Wedel Gallery, London
Acquired direcly from the above by the current owner

Condition

This work is in generally very good condition overall. The underside of the table has had minor restoration. There is general overall wearing that is inherent to the medium and its age.
"In response to your inquiry, we are pleased to provide you with a general report of the condition of the property described above. Since we are not professional conservators or restorers, we urge you to consult with a restorer or conservator of your choice who will be better able to provide a detailed, professional report. Prospective buyers should inspect each lot to satisfy themselves as to condition and must understand that any statement made by Sotheby's is merely a subjective, qualified opinion. Prospective buyers should also refer to any Important Notices regarding this sale, which are printed in the Sale Catalogue.
NOTWITHSTANDING THIS REPORT OR ANY DISCUSSIONS CONCERNING A LOT, ALL LOTS ARE OFFERED AND SOLD AS IS" IN ACCORDANCE WITH THE CONDITIONS OF BUSINESS PRINTED IN THE SALE CATALOGUE."

Catalogue Note

Ai Weiwei looms large as a presence in the Beijing cultural scene, the international art arena, and even worldwide public consciousness—the latter through his conceptualizing of the Beijing Olympic Stadium as a bird's nest, a form made familiar to a billion people during the televised Summer Olympics. Active and influential as artist, architect, urban planner, curator, connoisseur of antiquities, and cultural commentator, he nevertheless exudes quietude: he is the calm at the center of a tornado of activity, having learned how to set things in motion and direct progress so that his presence is not required to complete the activity. Teams of people organize his massive documentary art projects and groups of young architects at his FAKE Design atelier bring his urban development plans to fruition, the labor completed by construction workers devoted to Ai Weiwei's tasks. Master craftsmen realize many of Ai Weiwei's works of art, most notably his porcelain pieces and his works constructed from antique wood and furniture, for example Bowl of Pearls (Lot 706)and Table with Three Legs (Lot 705). Through an economy of personal physical effort he maximizes the impact of conceptual effort. This result is achieved not only through surrounding himself with capable facilitators, but also through an original conceptual economy: he has a remarkable sense of what is possible within any given moment, and of what may come to pass in the future.

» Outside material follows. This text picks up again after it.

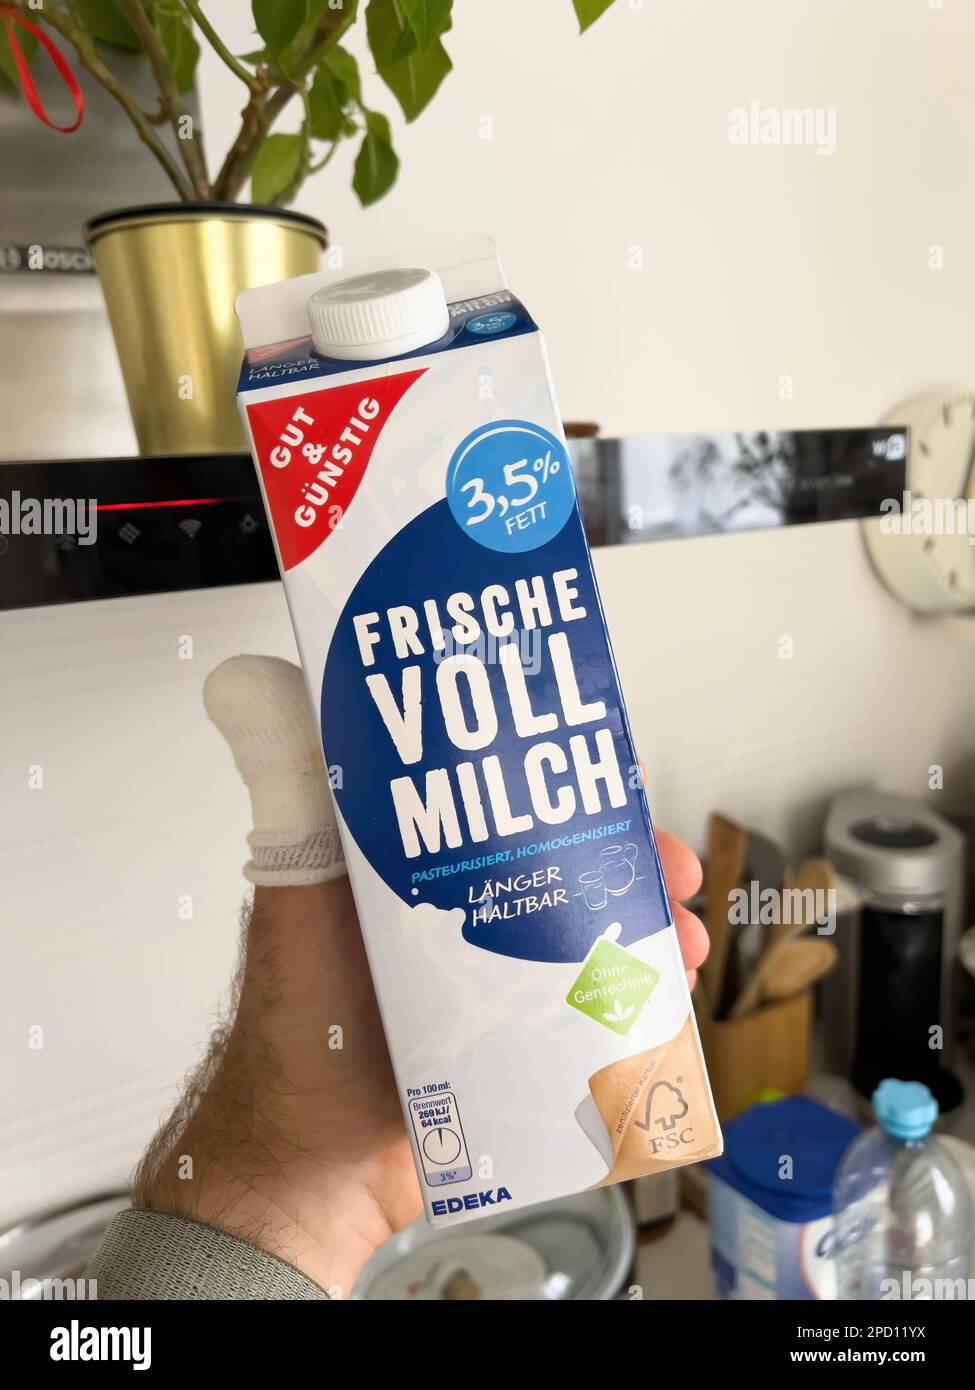 France - May 29, 2022: POV male hand holding Edeka Gut und Gunstig Fresh 3,5 whole milk - kitchen background Stock Photo

The result is an appearance of achieving much with minimal or no effort, although in reality he works long hours, his efforts magnified through the work of others. The extent to which his prescience and sheer will power come into play is reflected in the fact that many years ago, when he constructed his house in Caochangdi, it was on the northeastern outskirts of Beijing, in an area of no cultural interest. Soon it will be in the center of Beijing's most important arts district. He achieved this feat through an understanding of local cultural politics, plus hard work and investment in the area, supported by the currency of his personal conviction.

 

Ai Weiwei's modus operandi often involves pairing an underlying goal or meaning with another more obvious or initially apparent goal or meaning that works at cross-purposes with the first. As a variant on this, his works of art frequently posit the existence of opposites within a single framework, catalyzing a rethinking of assumptions. Bowl of Pearls functions in this way. Initially it presents as untold luxury: a pair of huge porcelain bowls containing a half-ton of pearls! The bowls were made to order by skilled craftsmen in Jingdezhen, China's elite and ancient center of pottery production, notable as the major source of fine porcelain produced both for the imperial court and for foreign export. The heaped pearls within the bowls display an alluring luster in shades of white, pink, and peach, the three colors naturally occurring in Chinese freshwater pearls. Close inspection reveals, however, that the pearls are of a low quality: an entire bowlful would be worth less than a single necklace of high-quality freshwater pearls, or even a single particularly large and exquisitely formed pearl. The elitism of porcelain has also been degraded since the heydays of the Ming and Qing dynasties, when it was a luxury good available only to the wealthy; now everyday objects such as toilets are made of porcelain, albeit of a low grade. Bowl of Pearls, which resembles a pair of enlarged bowls of rice, should also be considered in terms of its relationship to a series Ai Weiwei has been working on, concerned with geometry as a component in charting objects of everyday life, including Ton of Tea (2006)—a ton of Pu'er tea compressed into a cube—and Cubic Meter Tables (2006), each table being exactly a cubic meter in volume. Like Ton of Tea and Cubic Meter Tables, the title of Bowl of Pearls describes the object in plain, dispassionate terms. Furthermore the bowls, being a meter in diameter, similarly appear to have been designed according to a mathematical formula rather than pure aesthetic criteria.

 

As an expert connoisseur of antiquities, Ai Weiwei is intrigued by possibilities left unmet or unimagined by artisans of the past pursuing time-honored standards of beauty and utility. Accordingly, he has set challenges for the wood-workers he employs, as well as for the master craftsmen at Jingdezhen. Porcelain produced under his direction ranges from the classic but enlarged form of Bowl of Pearls to such super mundane works as Oil Spills (2006), a group of black, flattish rounds arranged on the ground to resemble blobs of oil, to pieces like Ruyi (2006), named for a scepter traditionally symbolic of good fortune, yet in this instance shaped and gaudily colored after human internal organs. Although put to unorthodox use, the glazes and modeling require great skill. Similarly, the artisans working under Ai Weiwei's direction to produce works from antique furniture are employing techniques honed over centuries to create objects that would have been inconceivable to their forebears, not merely in form but also in intent. His Table with Three Legs was constructed by disassembling a Qing table, and reassembling it using highly sophisticated joinery techniques so that it is no longer functional. As an abstract sculptural form, Table with Three Legs is arresting and beautiful, but beyond that it raises basic—but not easily answered—questions such as "When is a table a table?" and "What constitutes a work of art?"

 

Like many of Ai Weiwei's most engaging works, the impact of the two pieces presented here hinges on their embodiment of a puzzle. Their playful taunting leads to the contemplation of larger issues including the nature of art, and the role of strategy in life and art.